“You’re stronger than you think you are.” As Melissa guided us through our practice over the weekend, she repeated this phrase several times. There were a number of poses that were difficult over the weekend. I modified several as needed and gave up on a few. I’m not at the point of doing Crow or anything close to a headstand. I am still working towards backbends and a full wheel. In time.

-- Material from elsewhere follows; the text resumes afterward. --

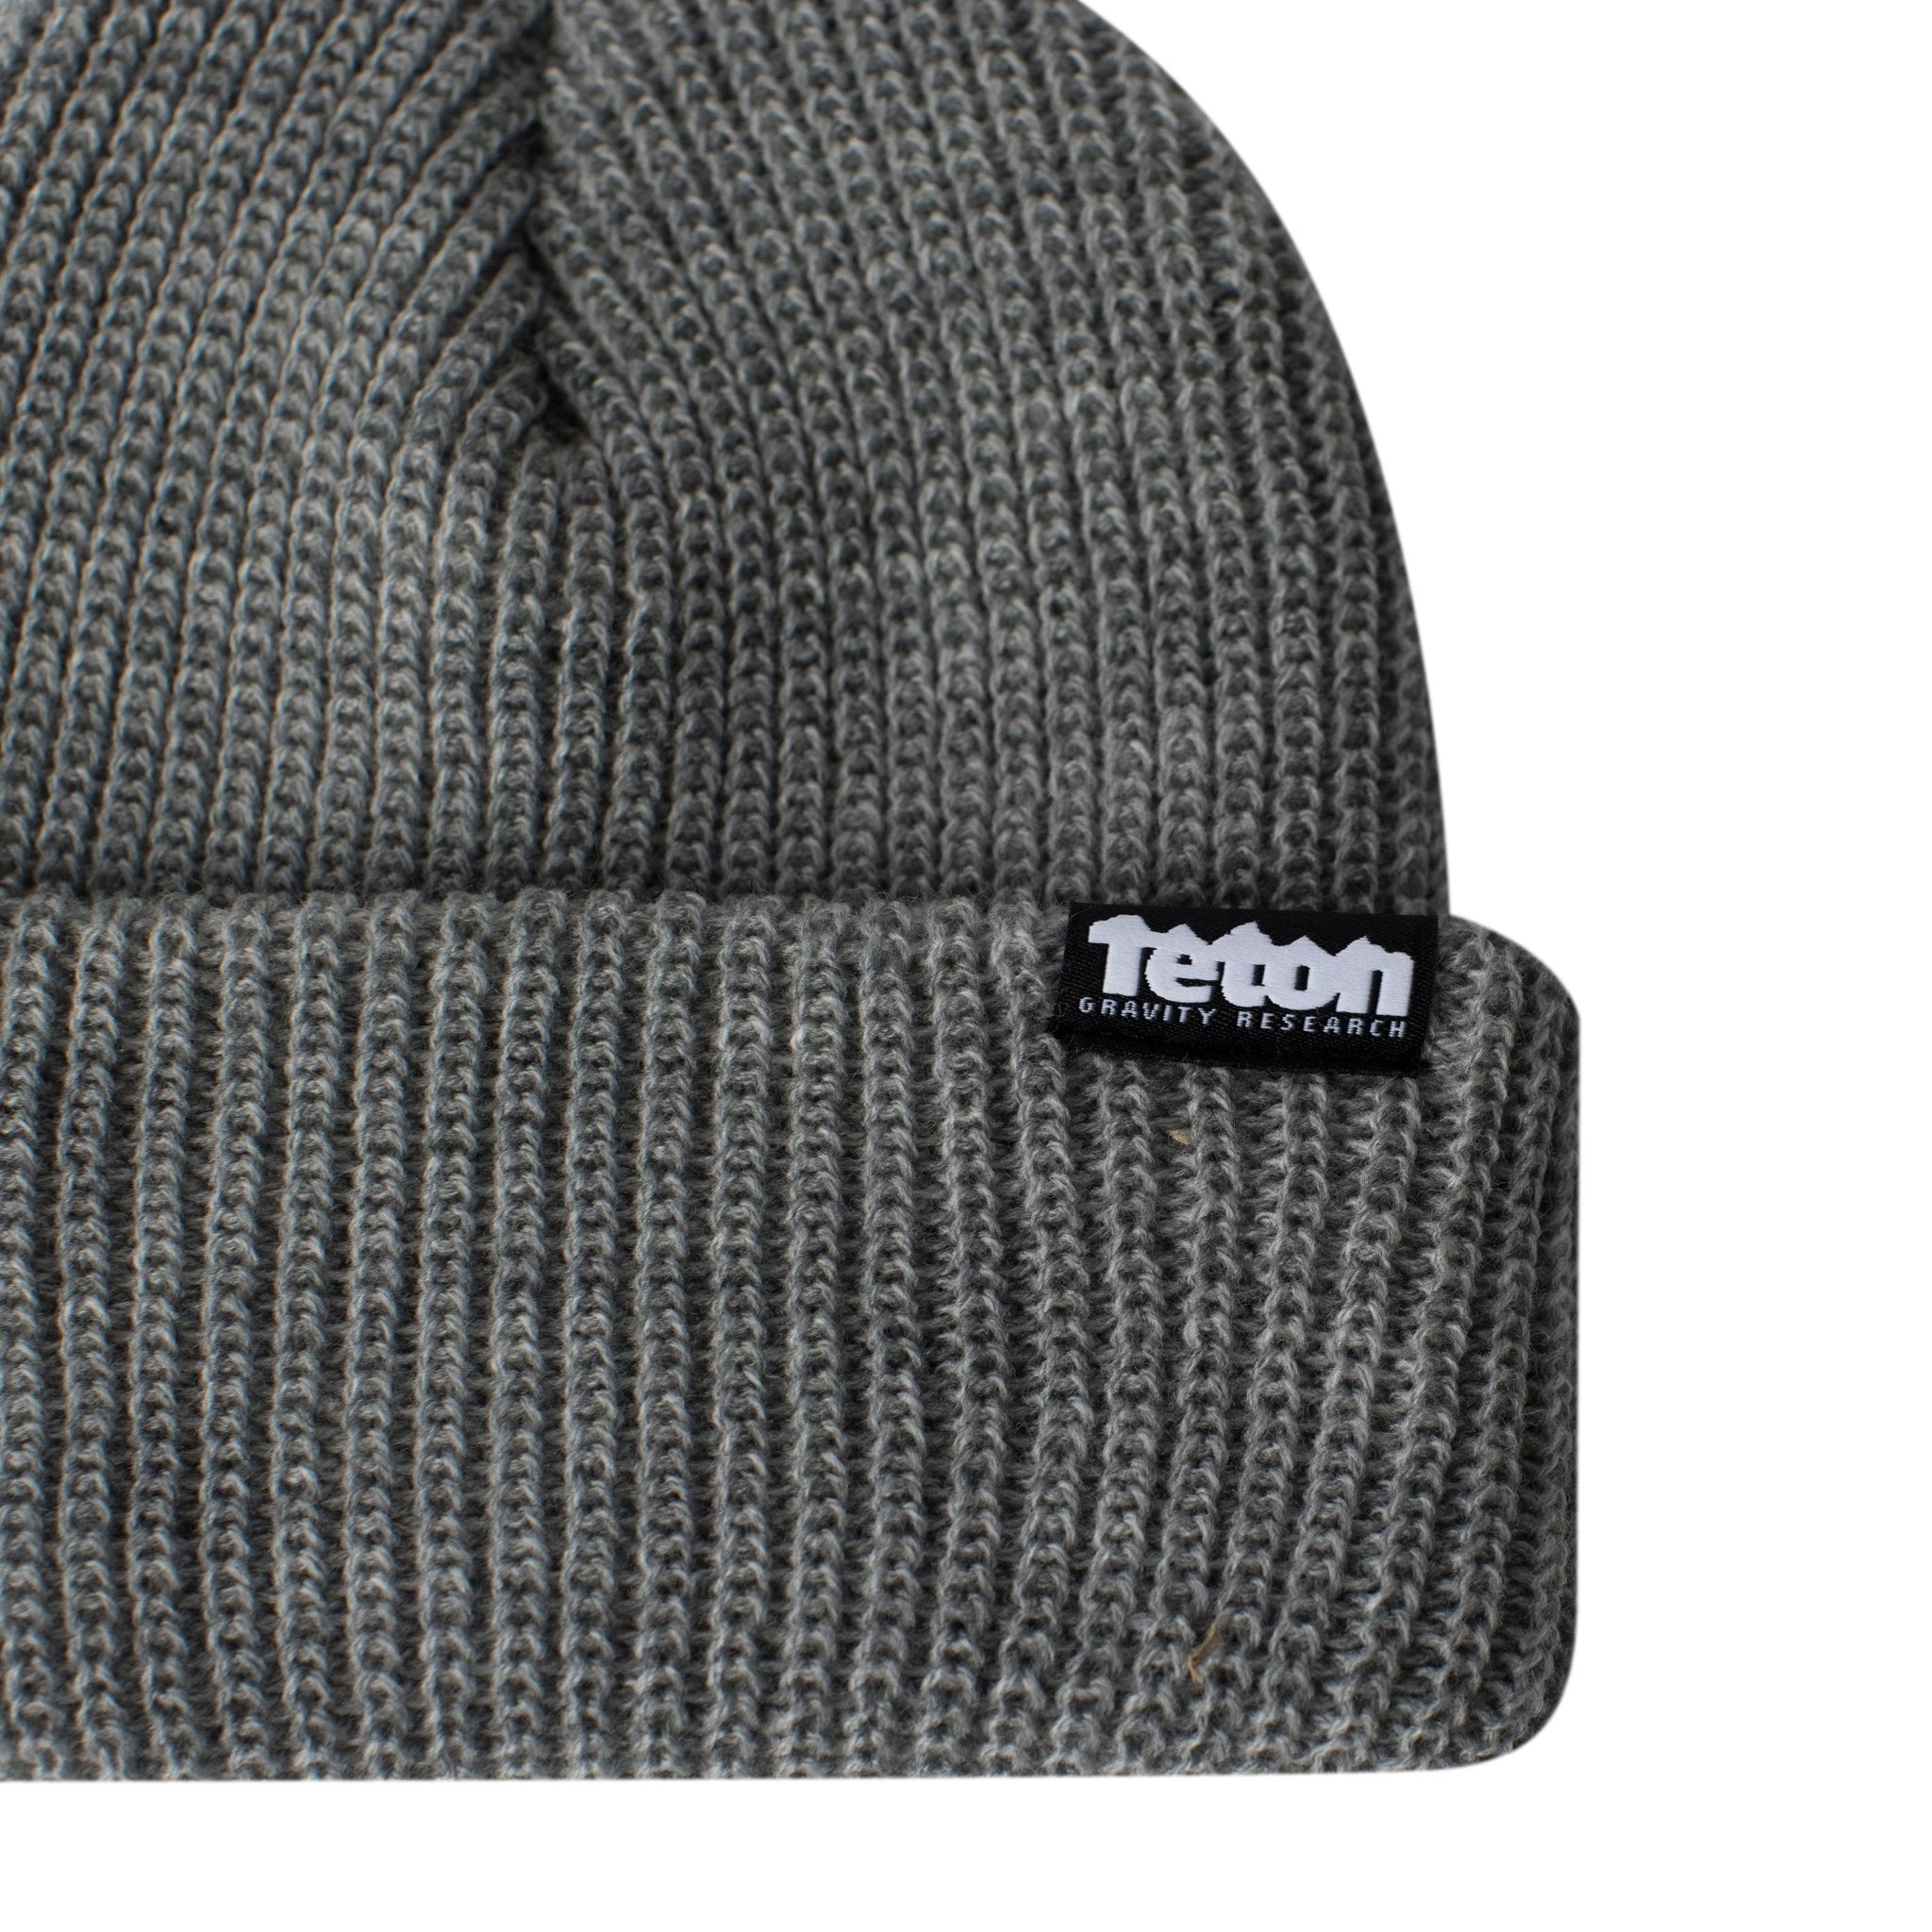 Solid Watch Beanie - Teton Gravity Research #color_gray

My readings today challenged my thoughts about what is difficult, however, and what I can and cannot do. Judith Hanson Lasater’s A Year of Living Your Yoga challenged me to choose a pose that I find impossible, get on my mat, do it anyway – no whining. I chose Warrior 3, which I only held a few seconds but I did it. Truthfully, I was rather shocked. In the class I attended this evening, I did several poses that have been difficult for me and held a number the full time or close to the full time the teacher asked us to. I am becoming stronger in standing poses but other poses were not ones I had practiced for a while.
My reading in Rolf Gates’ book today discusses humility and the balance that we keep between playing small and not playing small. It is a choice While I can come up with every excuse under the sun about why I can’t do certain poses, and some are valid, I also play small and sell myself short sometimes by not trying because I am afraid I will fail. We need fear, but we also need to try and push out of our comfort zones. “Our postures become the embodiment of this exquisite balance between holding on and letting go, action and nonaction, ambition and restraint” (Gates, 33). I won’t do a pose that I am not ready for and might injure myself, but I need to push myself bit by bit into poses that I am working on and that I find difficult.

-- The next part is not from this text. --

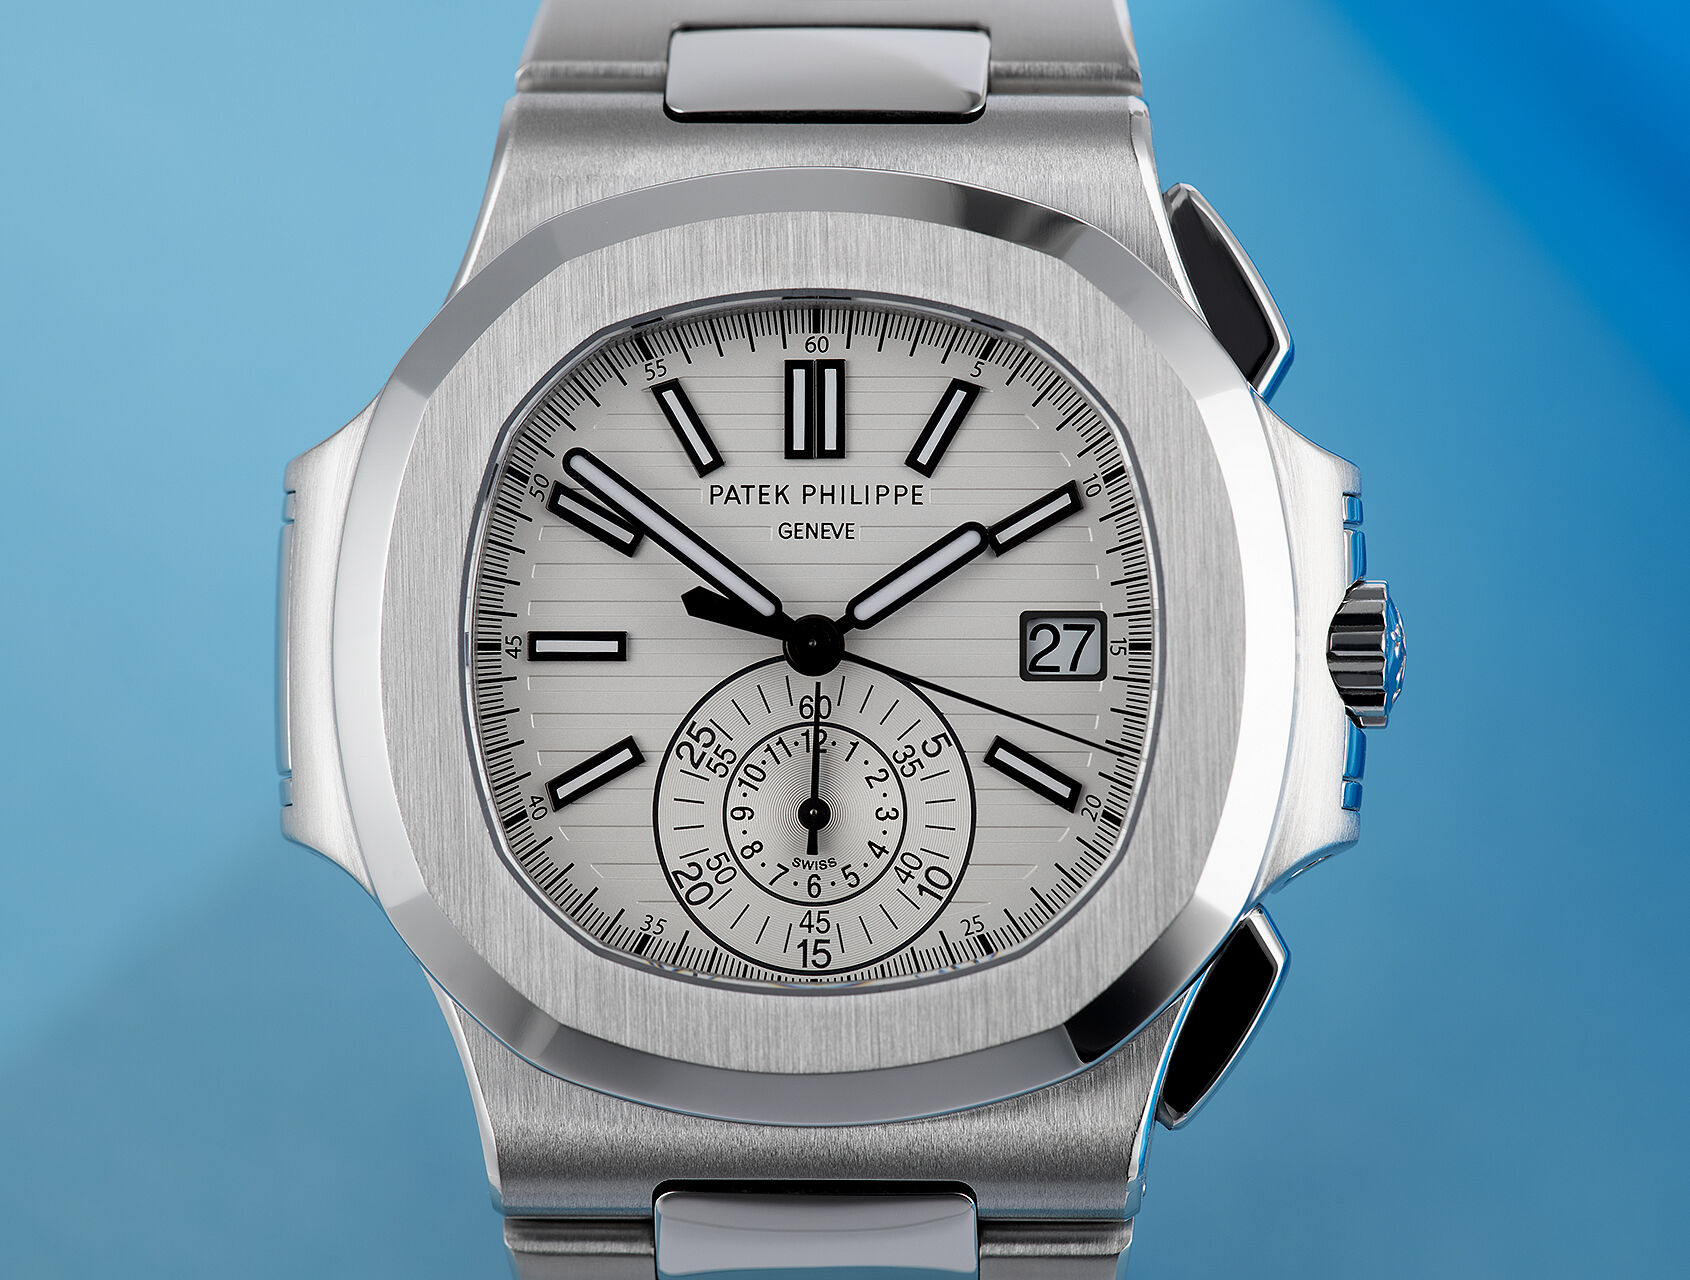 ref 5980/1A-019 | 5980/1A-019 - Fly-Back | Patek Philippe Nautilus Chronograph

There are other aspects of teacher training that are difficult. Working through the philosophy and teachings of yoga, working with my body, being in a room full of amazing women with stories about their own challenges all bring things up. I was surprised over the weekend that memories of my mom were so strong after someone mentioned talking to her mother. My mother died in 1983 and while I think about her, the strong memories that could bring me to tears in the first few years are mainly gone. But there they were again. I finally realized that the memory involved a number of things – she died 32 years ago last week and her funeral was on March 15. I am once again doing something that she never would have imagined I would do. I’ve done that a lot in my adult life, largely lived without my mother. I’ve gone out and done the things I was afraid to do and have tried not to put things off until it was too late.
I will continue to choose difficult things that challenge me, physically, mentally and emotionally. Some will be more difficult than others and some will take me by surprise. Some things will just come without a choice but I know that I am strong enough to meet the challenges. It’s all good.